After reading Personism, I was left with a lot of questions. O’Hara covered a lot of topic and ideas in “Personism: A Manifesto” and I thought that some of his words were very unique and almost radical. “Nobody should experience anything they don’t need to, if they don’t need poetry bully for them.”  I don’t think I’ve ever heard anyone say this before and I seems even more absurd because a poet/writer is the one saying it.  In school, even if you didn’t like poetry, you would have to read and analyze what’s assigned.  Usually teachers say that you should read at least one or two poems even if you don’t enjoy the experience.  Of course no one likes to learn about and read poetry this way so I agree with O’Hara in that poems should not be “force fed”.  After a paragraph on this topic, he continues to explain Personism (creating more questions in the process).

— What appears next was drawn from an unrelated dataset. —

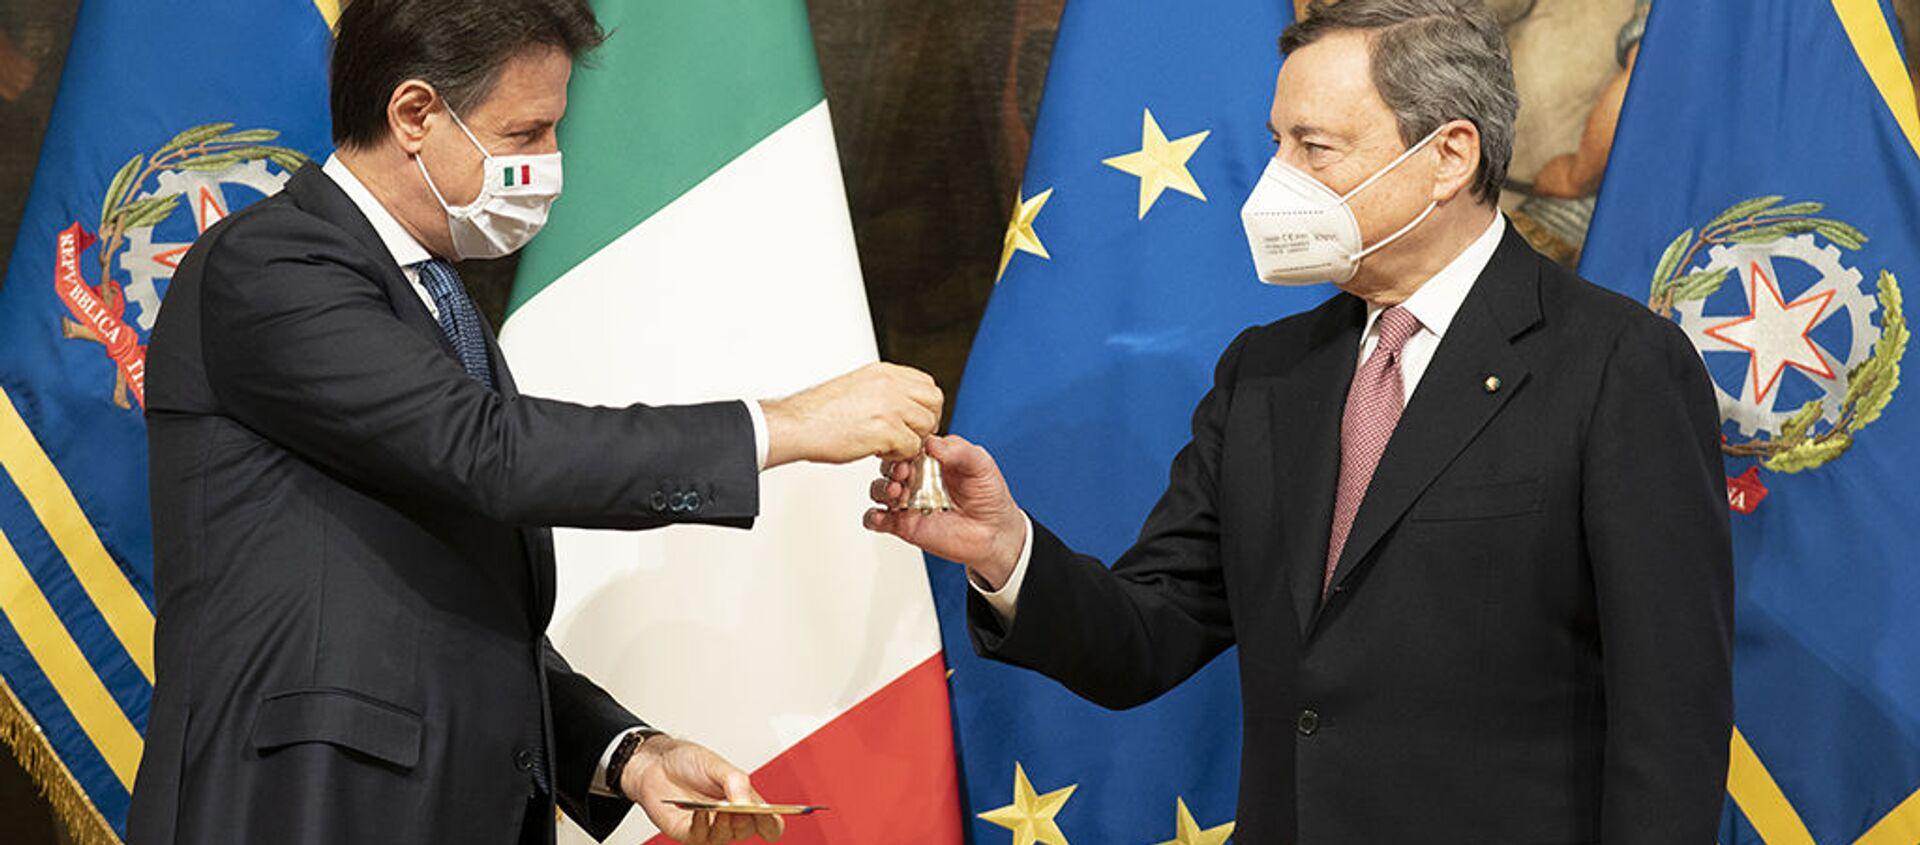 Passaggio di consegne tra Conte e Draghi - Sputnik Italia, 1920, 13.02.2021

When Frank O’Hara describes Personism, he says, “one of its minimal aspects is to address itself to one person (other than the poet himself), thus evoking overtones of love without destroying love’s life-giving vulgarity, and sustaining the poet’s feelings towards the poem while preventing love from distracting him into feeling about the person…”  I’m not quite sure I fully understand his explanation but I think I get the gist of it.  In Personism, a poem is written to another person so that a connection is made for emotions like love to travel from the poet to the reader, but not so much that the emotions distract the poet from the actual poem.  It’s extremely strange to me and it seems like a Personism poem needs the perfect balance of love, but not too much.

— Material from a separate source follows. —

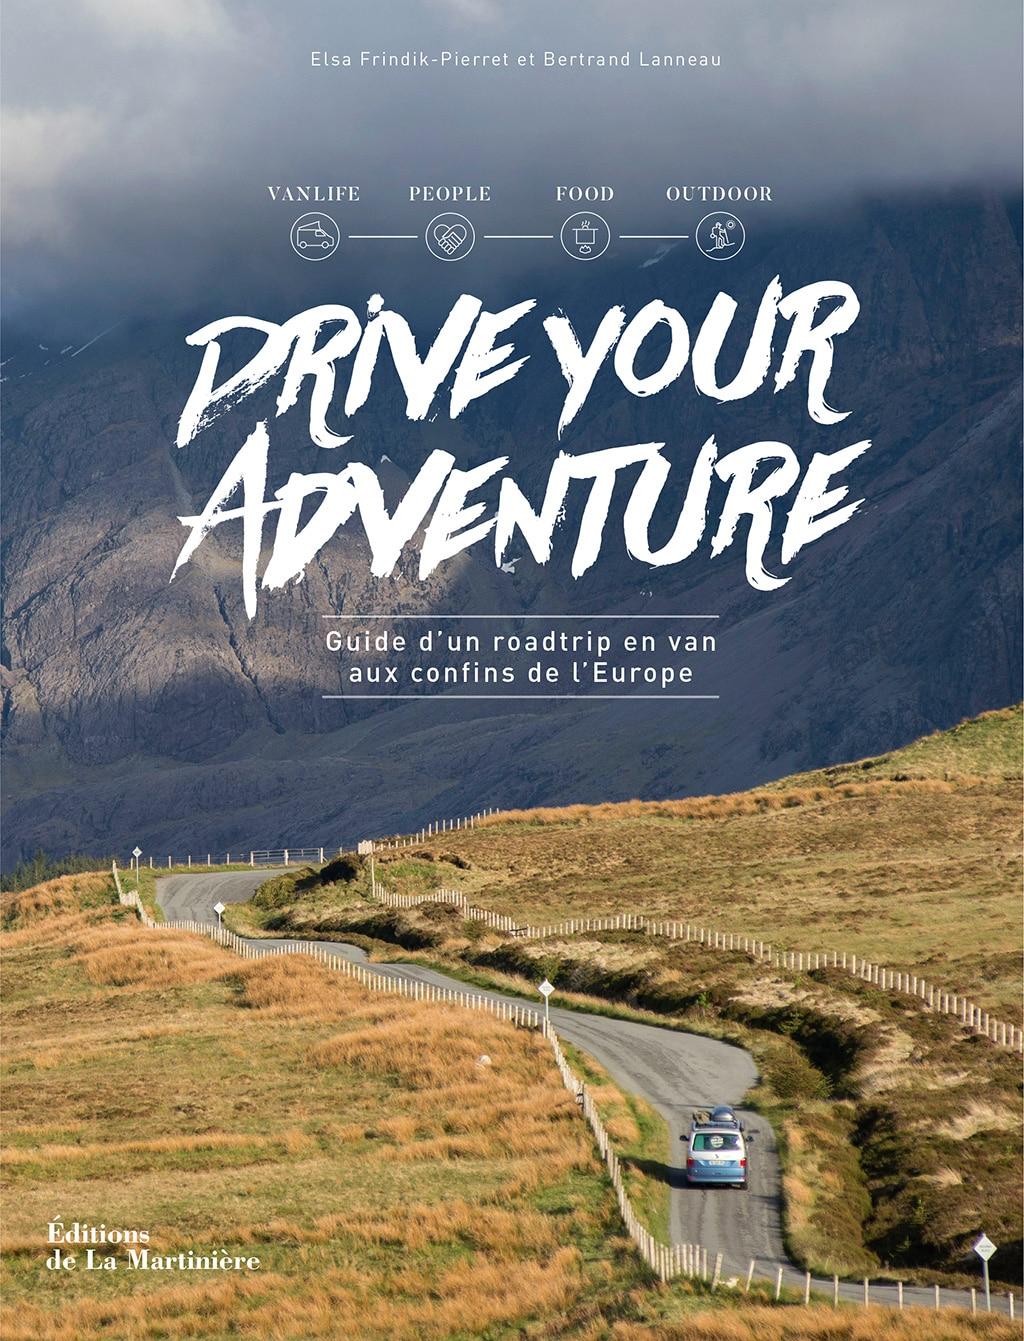 Drive your adventure : guide d'un road trip en van aux confins de l'Europe

He called it an “abstract removal” to almost “true abstraction.”  If abstraction in poetry is the personal removal of the poet, it makes Personism even more confusing.  If the poet was to address the poem to another person, the poet’s voice and intent should still be seen in the poem.  So how is Personism almost “true abstraction”?

“While I was writing it I was realizing that if I wanted to I could use the telephone instead of writing the poem, and so Personism was born.” Why should a poem have to be completely thought out and meticulously planned?  We talked about this a little in class and I think this reading will create more ideas if we discussed it again.  How is a telephone conversion different from a poem?  Can a telephone conversation be written as a poem?

“Poetry being quicker and surer than prose, it is only just that poetry finish literature off.” You can tell he follows his own rules and writes what he feels like writing.  Reading this manifesto was extremely refreshing.